Curriculum-Based Strategies for Efficient Cross-Domain Action Recognition
Emily Kim, Allen Wu, Jessica Hodgins
TL;DR
This work tackles cross-view action recognition under a challenging domain shift from ground- to aerial-view perspectives. It shows that curriculum-based training using synthetic aerial data and real ground data—without real aerial data in training—can achieve competitive accuracy to naïve data mixing while substantially reducing training iterations. Two curriculum strategies are explored: a two-step fine-tuning approach and a multi-step progressive learning schedule, both validated on REMAG with SlowFast and MViTv2. The transformer-based MViTv2 generally outperforms the CNN-based SlowFast, and the progressive curriculum provides the largest efficiency gains. Overall, curriculum-based training offers a practical path to efficient, robust cross-domain action recognition in settings with limited aerial data availability.
Abstract
Despite significant progress in human action recognition, generalizing to diverse viewpoints remains a challenge.

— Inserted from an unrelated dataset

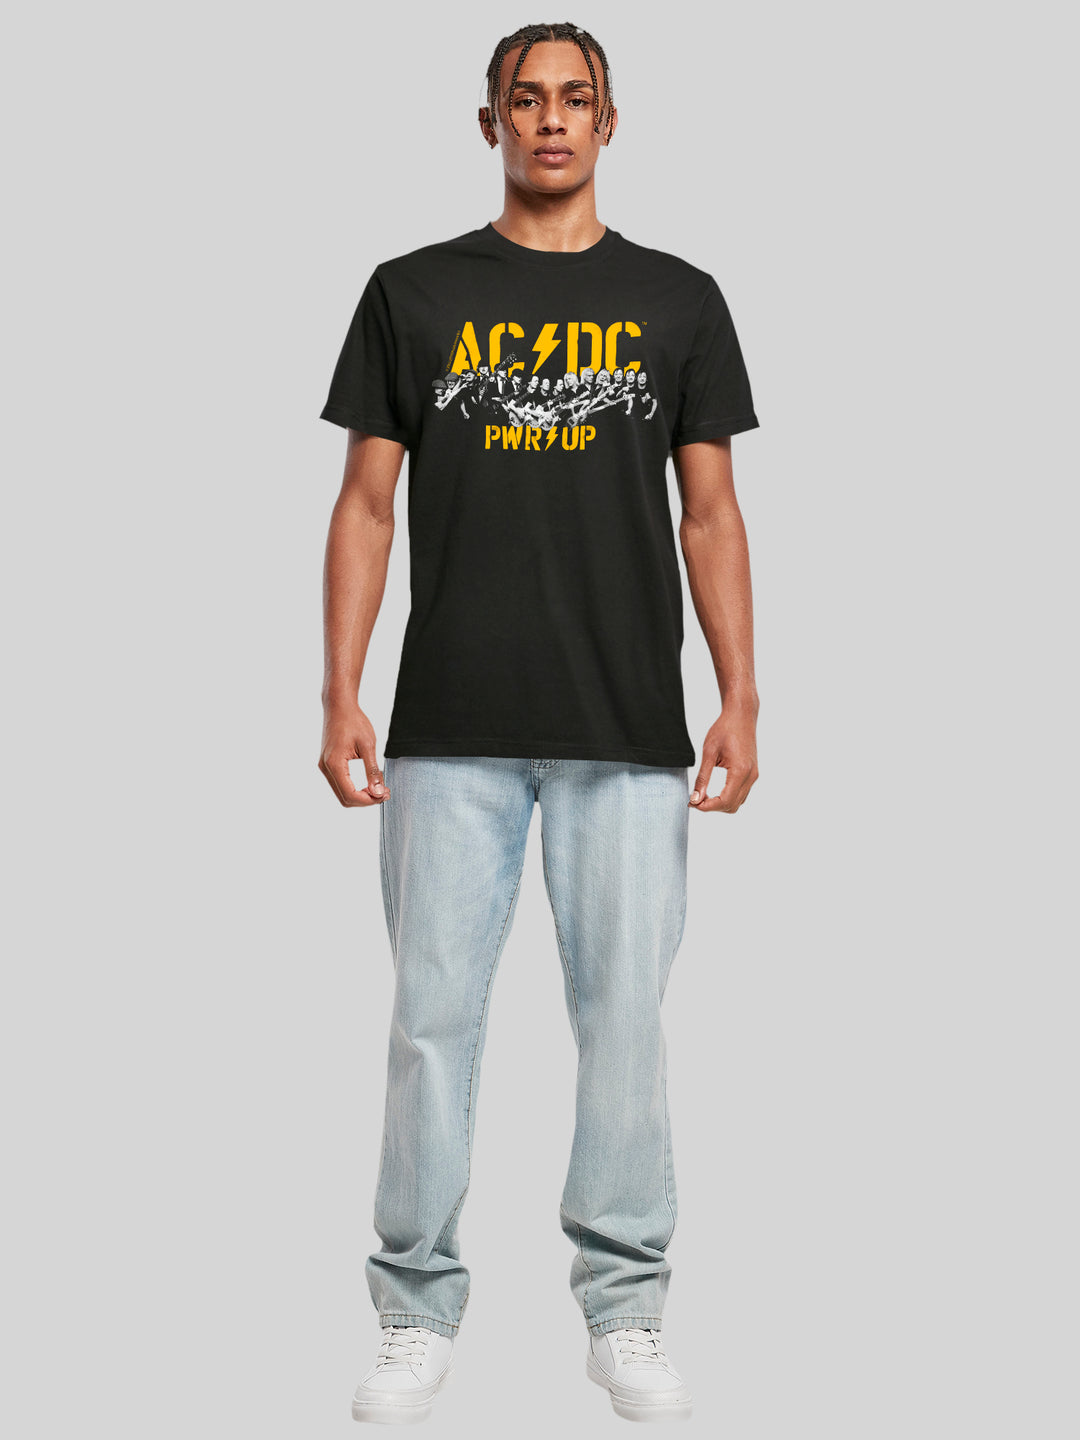 ACDC PWRUP Portrait Motion with T-Shirt Round Neck

Most existing datasets are captured from ground-level perspectives, and models trained on them often struggle to transfer to drastically different domains such as aerial views. This paper examines how curriculum-based training strategies can improve generalization to unseen real aerial-view data without using any real aerial data during training. We explore curriculum learning for cross-view action recognition using two out-of-domain sources: synthetic aerial-view data and real ground-view data. Our results on the evaluation on order of training (fine-tuning on synthetic aerial data vs. real ground data) shows that fine-tuning on real ground data but differ in how they transition from synthetic to real. The first uses a two-stage curriculum with direct fine-tuning, while the second applies a progressive curriculum that expands the dataset in multiple stages before fine-tuning. We evaluate both methods on the REMAG dataset using SlowFast (CNN-based) and MViTv2 (Transformer-based) architectures. Results show that combining the two out-of-domain datasets clearly outperforms training on a single domain, whether real ground-view or synthetic aerial-view. Both curriculum strategies match the top-1 accuracy of simple dataset combination while offering efficiency gains. With the two-step fine-tuning method, SlowFast achieves up to a 37% reduction in iterations and MViTv2 up to a 30% reduction compared to simple combination. The multi-step progressive approach further reduces iterations, by up to 9% for SlowFast and 30% for MViTv2, relative to the two-step method. These findings demonstrate that curriculum-based training can maintain comparable performance (top-1 accuracy within 3% range) while improving training efficiency in cross-view action recognition.